HDU 1612 The Blocks Problem

 

Information

Many areas of Computer Science use simple, abstract domains for both analytical and empirical studies. For example, an early AI study of planning and robotics (STRIPS) used a block world in which a robot arm performed tasks involving the manipulation of blocks. In this problem you will model a simple block world under certain rules and constraints. Rather than determine how to achieve a specified state, you will ``program'' a robotic arm to respond to a limited set of commandsThe problem is to parse a series of commands that instruct a robot arm in how to manipulate blocks that lie on a flat table. Initially there are n blocks on the table (numbered from 0 to n-1) with block bi adjacent to block bi+1 for all 0≤i<n-1 as shown in the diagram below

The valid commands for the robot arm that manipulates blocks are:

（翻译：问题是要分析一系列命令，这些命令指示机械臂如何操做位于平台上的块。最初在表上有n个块（从0到n-1编号），对于全部0≤i<n-1，块bi与块bi + 1相邻，以下图所示。块是：）

 

move a onto b where a and b are block numbers, puts block a onto block b after returning any blocks that are stacked on top of blocks a and b to their initial positions.

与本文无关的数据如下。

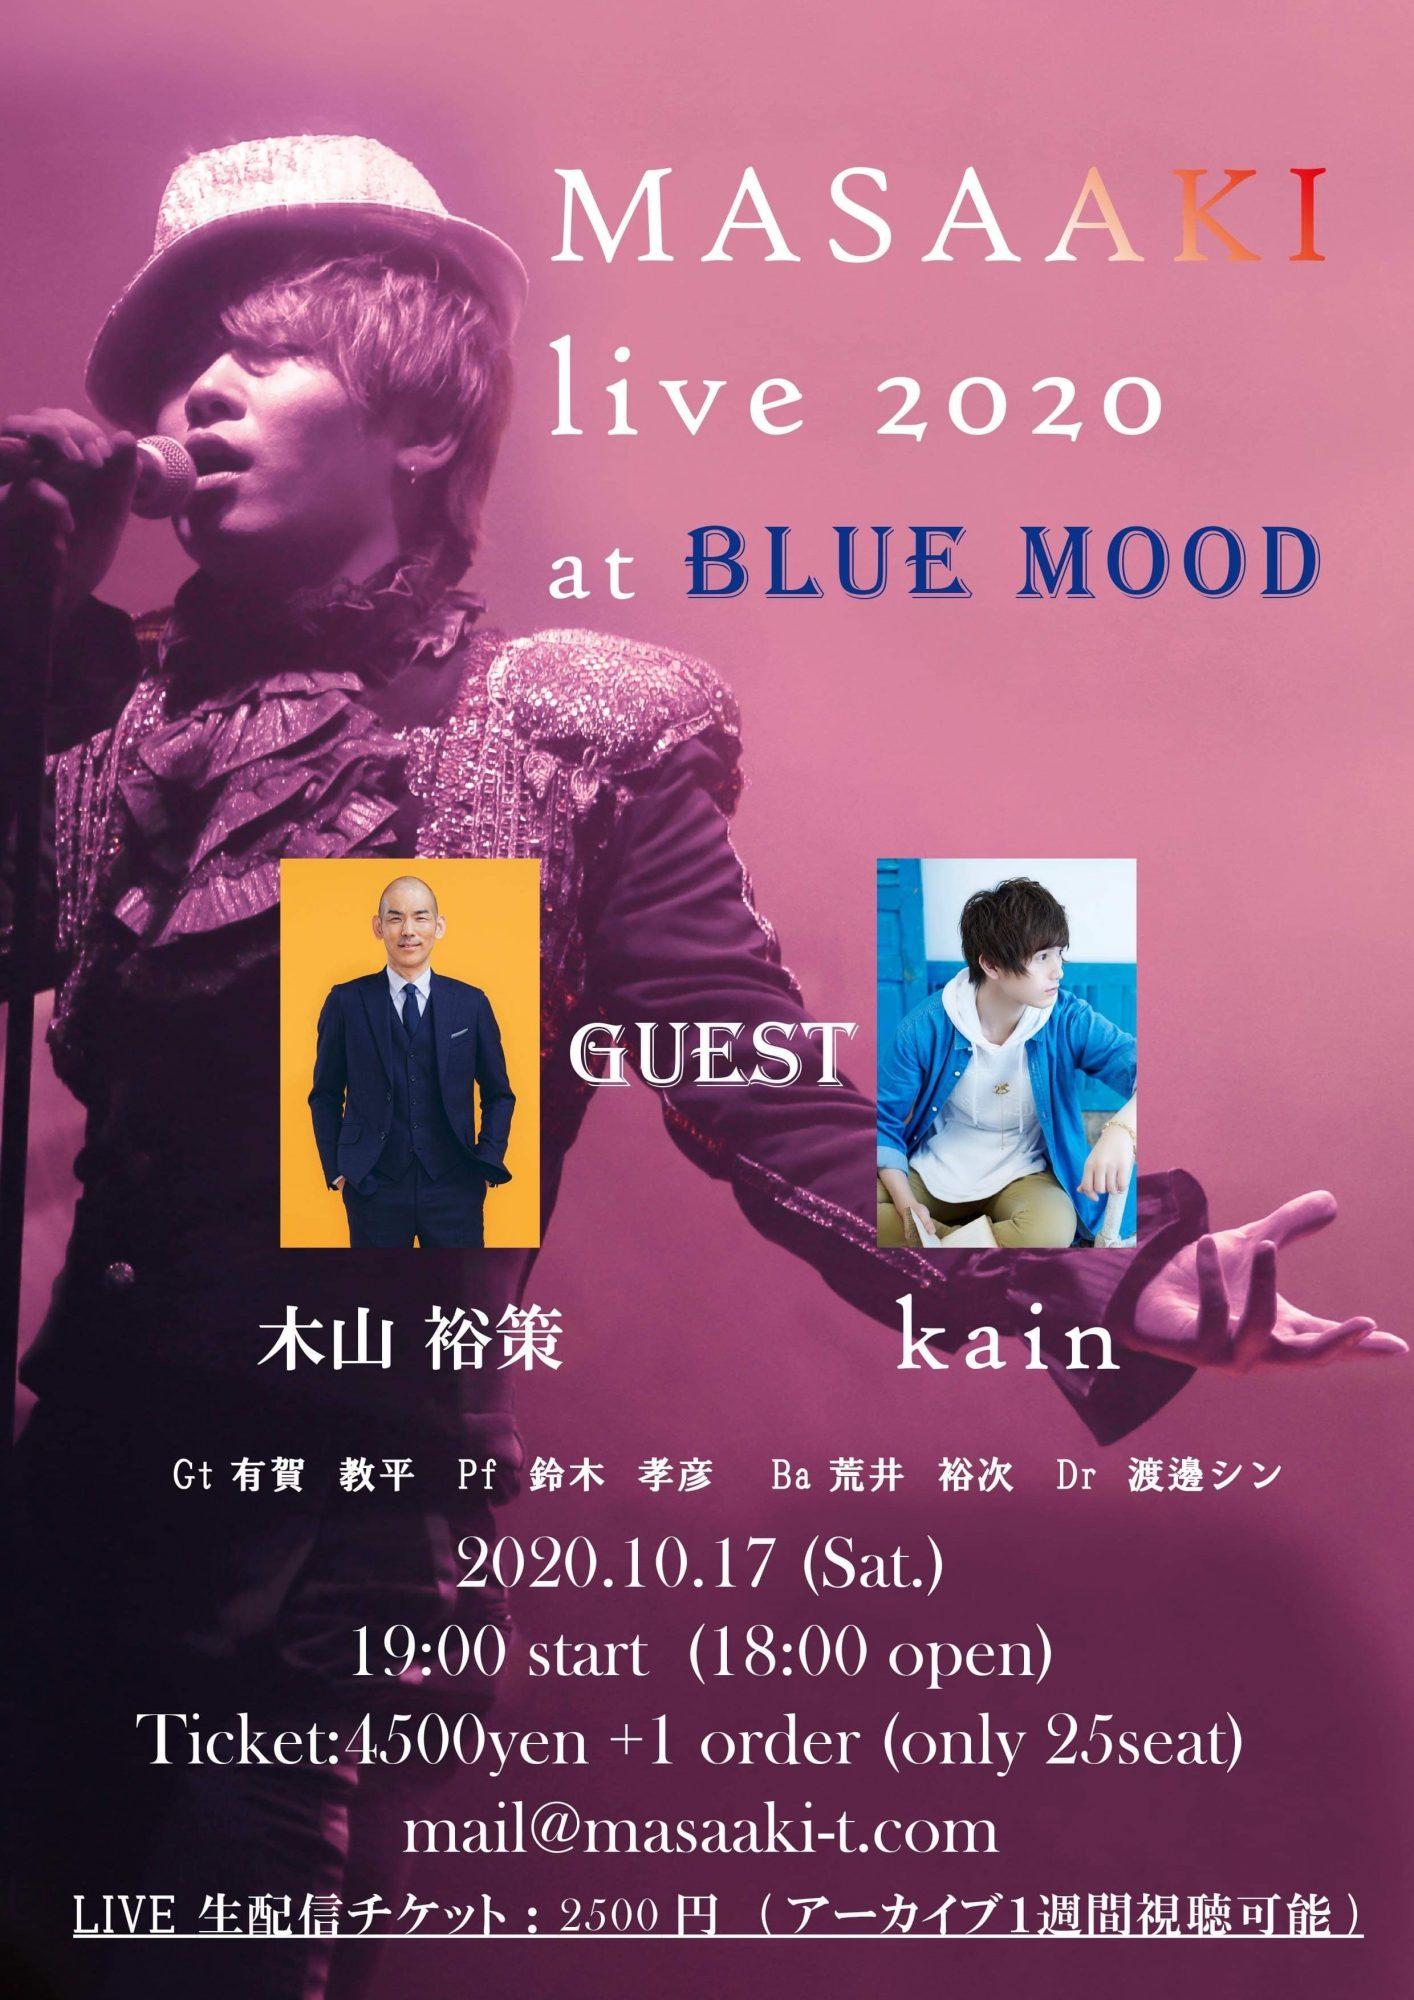 Masaaki solo concert 2020

（其中a和b是块编号，将堆叠在块a和b顶部的全部块返回到其初始位置后，将块a放置到块b上。） move a over b where a and b are block numbers, puts block a onto the top of the stack containing block b, after returning any blocks that are stacked on top of block a to their initial positions. （其中a和b是块号，在将堆叠在块a顶部的全部块返回到其初始位置以后，将块a放到包含块b的堆栈的顶部。）

 

pile a onto b where a and b are block numbers, moves the pile of blocks consisting of block a, and any blocks that are stacked above block a, onto block b. All blocks on top of block b are moved to their initial positions prior to the pile taking place. The blocks stacked above block a retain their order when moved.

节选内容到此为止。